Suppose, for example, that scientists believe a proposed synthetic fuel plant would create massive toxic wastes: Love Canal on a large scale. Congress has passed the Toxic Substances Control Act to deal with such problems. But the necessary regulations under the act have not yet been written. If the synthetic fuel project was under way before the regulations came. out, the E.M.B. could exempt it from the rules.
Or suppose one of the Western states decided that it needed new legislation to reserve a certain amount of the water flow in its rivers for fishing or recreational use. If the state passed that law after an energy project was in its earliest stages, the E.M.B. could order that the project get as much water as it needed despite the state law — even if the effect was to dry up the rivers for miles around.
The House version of the legislation gives the E.M.B. a further and much more drastic power. It could recommend the waiver of any Federal law that would interfere with a priority energy project. And the President could then order the waiver if he found that it would not "unduly" endanger the public health or safety.
The waiver would be subject to approval by both houses of Congress, but under rules that make that protection of dubious value.
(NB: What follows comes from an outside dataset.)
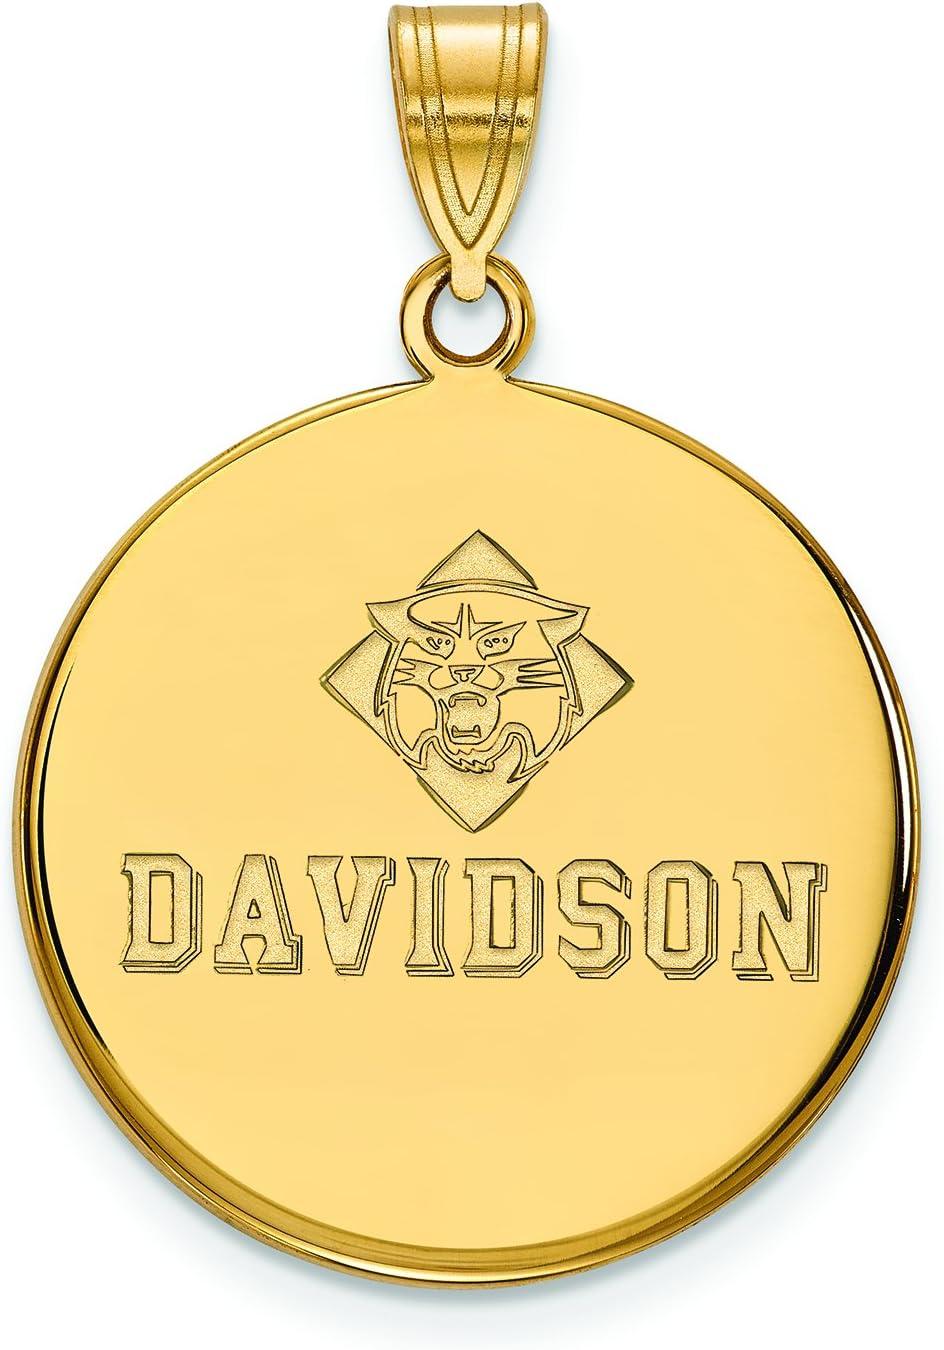 10 ky Davidson College Largeディスクペンダント

The resolution approving each waiver could not be amended in committee or on the floor; there would be an up-or-down vote, at an early date.
For Congress to consider a complicated set of issues in such a hasty, narrow way would be a dangerous change in the legislative process.
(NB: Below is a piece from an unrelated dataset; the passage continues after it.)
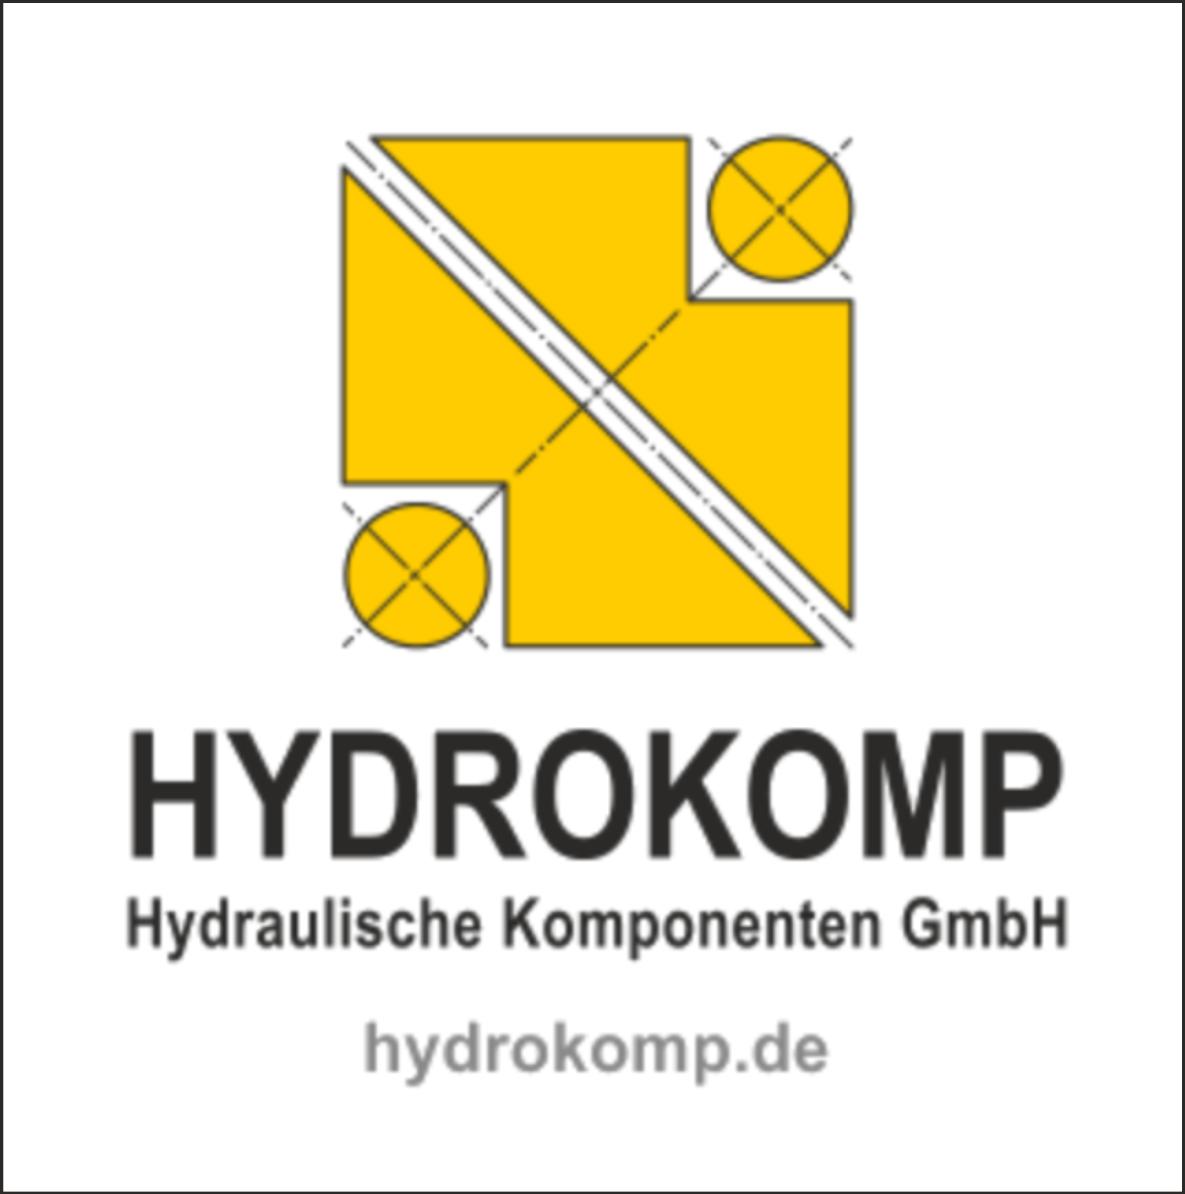 Hydrokomp

It would invite log-rolling. All the interests in favor of a single project would concentrate their lobbying, while the more general concerns of health and the environment would be dispersed. It would be the Tellico Dam affair again and again: The interests would always find an ambitious little Howard Baker to carry the ball.
One of the curiosities of this legislation is that it has had so little attention from conservatives.
They should be shocked at the concentration of power that is envisaged: power for a few men in Washington to override state and local authority. They should be troubled, too, at the idea of a hasty process putting aside carefully considered Federal laws to keep our air and water clean, to protect us from toxic substances, to keep wilderness areas undisturbed.
Jimmy Carter has a personal stake because his White House lobbyists have played a big part in shaping the legislation. They've said all along that they would work to remove the dangerous clauses later in the legislative process. Will they really do so now? Or will they leave, as the legacy of an environmentalist President, a statute that would let future Administrations despoil the country?
No Washington board can magically make it easy to locate energy facilities. The decisions are hard because the issues are hard. Mistakes, which last a long time, may be worse than delay. The Mobilization Board can do some modest good, but that should not be at a disproportionate price.